Первым не выдержал Игорь:
– Разрешите обратиться, товарищ капитан?
– Обращайтесь, товарищ Шерстнев. Слушаю вас.
– Письмо... ну от матери...
– Не имею привычки чужие письма читать.
– Вы ей там наговорили обо мне.
– Допустим...
– А ведь я самый плохой у вас.
– Авансом, товарищ Шерстнев, наговорил. На будущее... И мать вашу не хотелось огорчать - больна. Вы ж ее не баловали примерным поведением и отличной учебой. А у нее, как и у каждого человека, острая потребность хоть в малых радостях. Вы меня поняли?
– Новый метод воспитания?
Капитан промолчал. Свел в одну линию брови над переносицей:
– Кру-гом! Шагом марш.
Воспитательный приемчик применил капитан. Новенький. Не самый блестящий из ста возможных, а все же с прошлой недели что-то перевернулось в подкорковой части черепка...
В тумане едва не угодил прямо в канаву. Осторожно перешел через кладку, воткнул вилку телефонной трубки в потайную розетку линии связи.
Сердитый голос дежурного резанул по уху:
– Шерстнев, ты?
– Я. Здорово, земеля.
– ...Шерстнев, отвечай!..
– Здорово, Сурский.
– Алло... Шерстнев?
– Ну я... Времени сколько?.. Который час?
– Где ты ходишь? Вызываю, вызываю.
– Службу несу. Не знаешь, что ли?
– Проверь тринадцатый быстро! Тринадцатый проверяй... Сигнальный сработал. Понял? Погоди, товарищ старшина хочет...
– Не понял.
– Сейчас товарищ старшина тебе популярно объяснит.
– Чего там старшина! Я проверил тринадцатый. Слышишь, Сурский, я только что с тринадцатого. Нашел там какую-то чертовщину... сам черт без полбутылки...
В трубке загремел бас старшины:
– Гадский бог, што там у вас на тринадцатом, докладывайте. И без хвокусов. Што видели, докладывайте.
– На Кабаньих след, товарищ старшина. "В елочку". Один, к нам в тыл.
– Размер?
– Не мерил.
– Вас, гадский бог, на службу послали или еще куда? Сей момент вертайся назад, на след становись... Проверь все в точности.
– Сейчас возвращаюсь, тут минута ходу.
– Зубами цепляйся!.. Зубами! Покудова не догонишь. Понял?.. Сам к тебе выскочу на подмогу. Только не подведи, Шерстнев! Не дай ему на шоссейку выбраться.
Черт знает что! Он всегда относился к старшине -
– Я мигом, товарищ старшина. Все понял.
Он бежал на своих длинных ногах, во тьме спотыкался и опять бежал, влекомый вперед сознанием вины, и думал теперь об одном: догнать! И еще подумал, что нарушитель прошел на его участке, где он, Игорь Шерстнев, четыре часа подряд нес службу дозора.
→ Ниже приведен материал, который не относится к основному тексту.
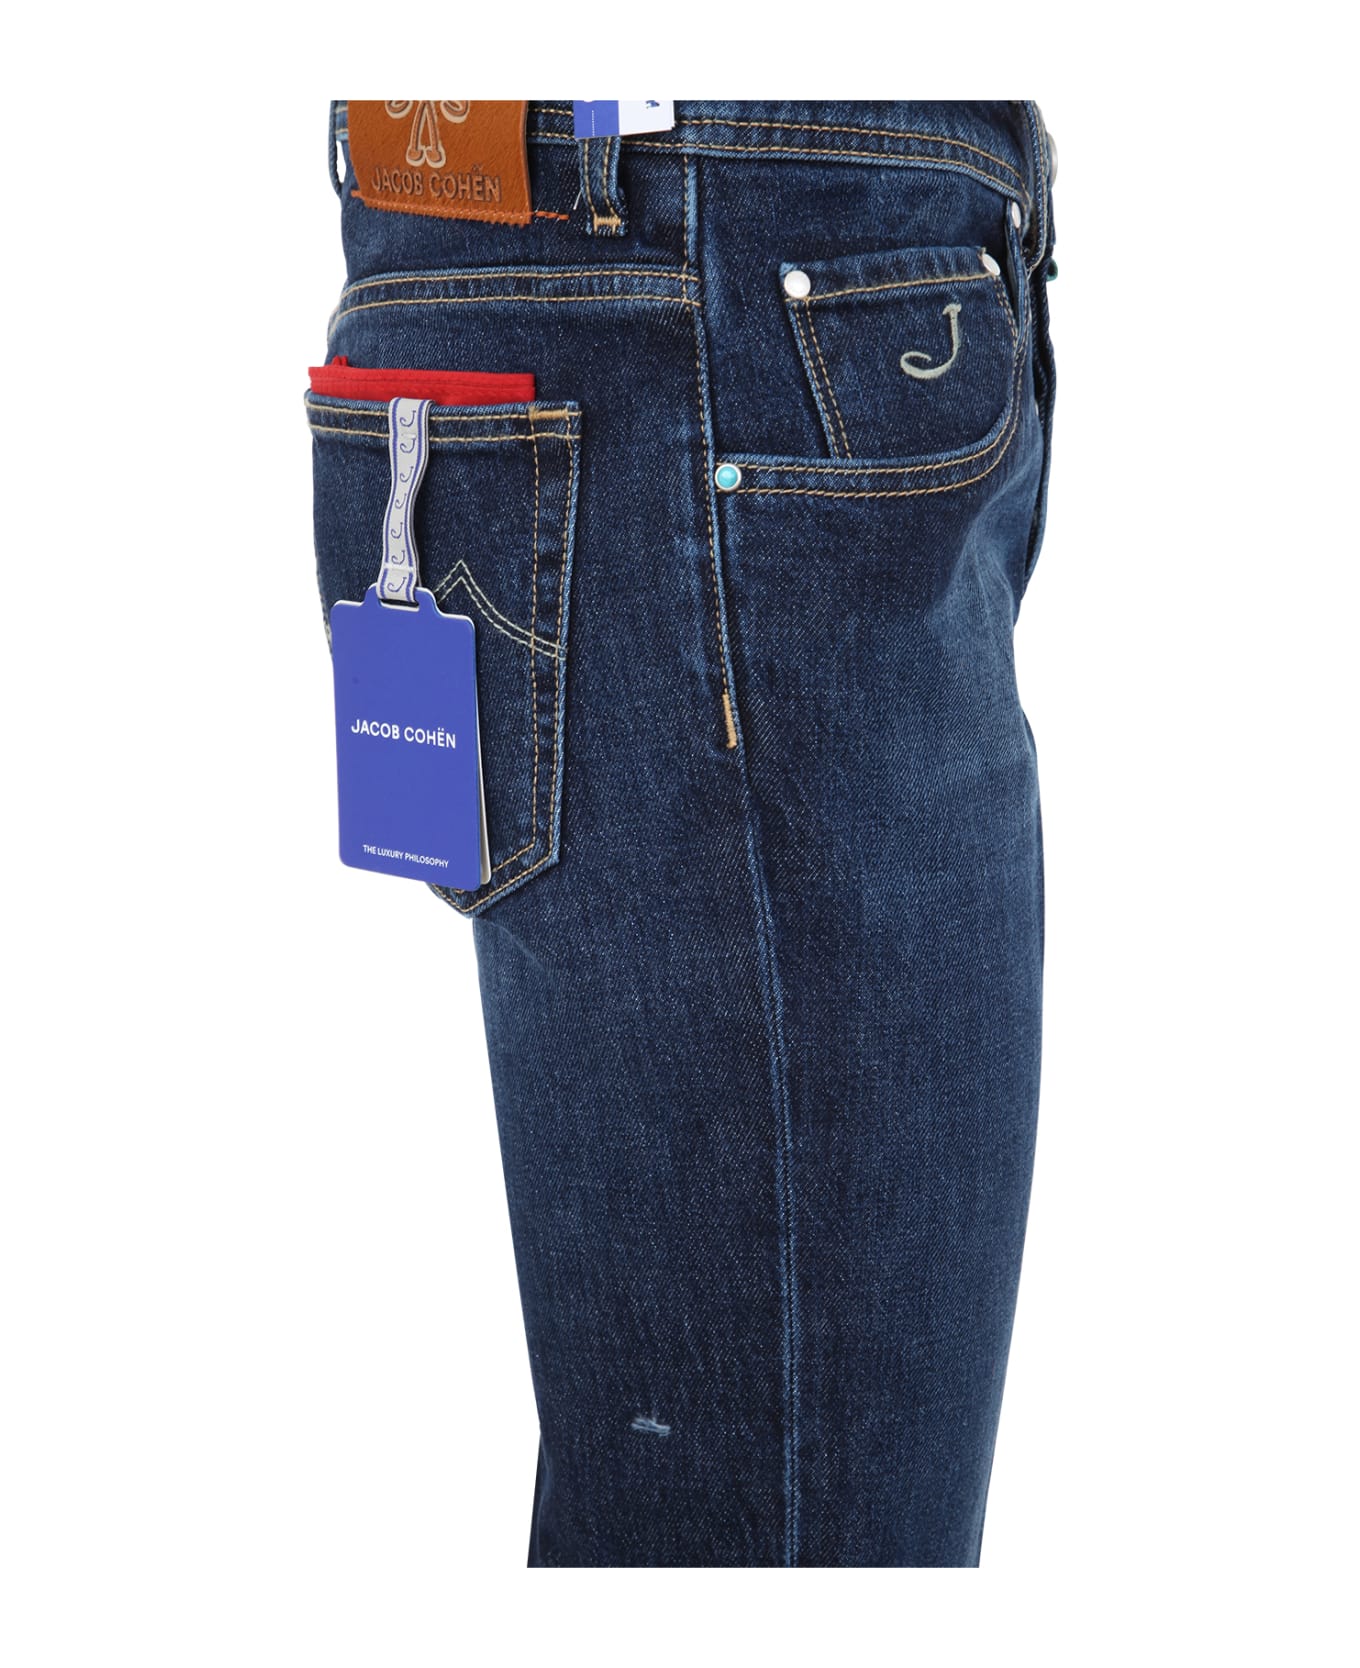 Jacob Cohen Scott Slim Crop Carrot Fit Five Pockets Jeans - Denim

После нескольких сотен метров пути с него валил пар, вымокла гимнастерка, а в правый сапог словно набралось песку - жгло пятку, видать, натер подвернувшейся портянкой. На Мокром лугу едва не сорвался в канаву, наполненную до краев болотной водой. Осушительных канав было несколько, он безошибочно находил в темноте переходы - осклизлые от тумана жердевые кладки, одним махом брал их, как конь на скачках. И все же на последней растянулся во всю длину, плашмя. Тут же вскочил: ему послышался шорох раздвигаемых камышей где-то близко, может, в нескольких десятках шагов.
"Кабаны", - подумал он и на всякий случай прижал к боку приклад автомата. Он сделал это неосторожно: звякнул следовой фонарь, ударившись о приклад, и тотчас, вспугнутое металлическим звуком, неподалеку, на Кабаньих тропах, с рохканьем промчалось стадо диких свиней.
Шерстнев прислушивался к шуму и по нему угадывал, куда направились звери. В Дубовую рощу, кормиться, значит, утро недалеко. Не пришло почему-то в голову, что, вспугнутые шумом тревоги, звери просто бросились наутек, покинув лежку.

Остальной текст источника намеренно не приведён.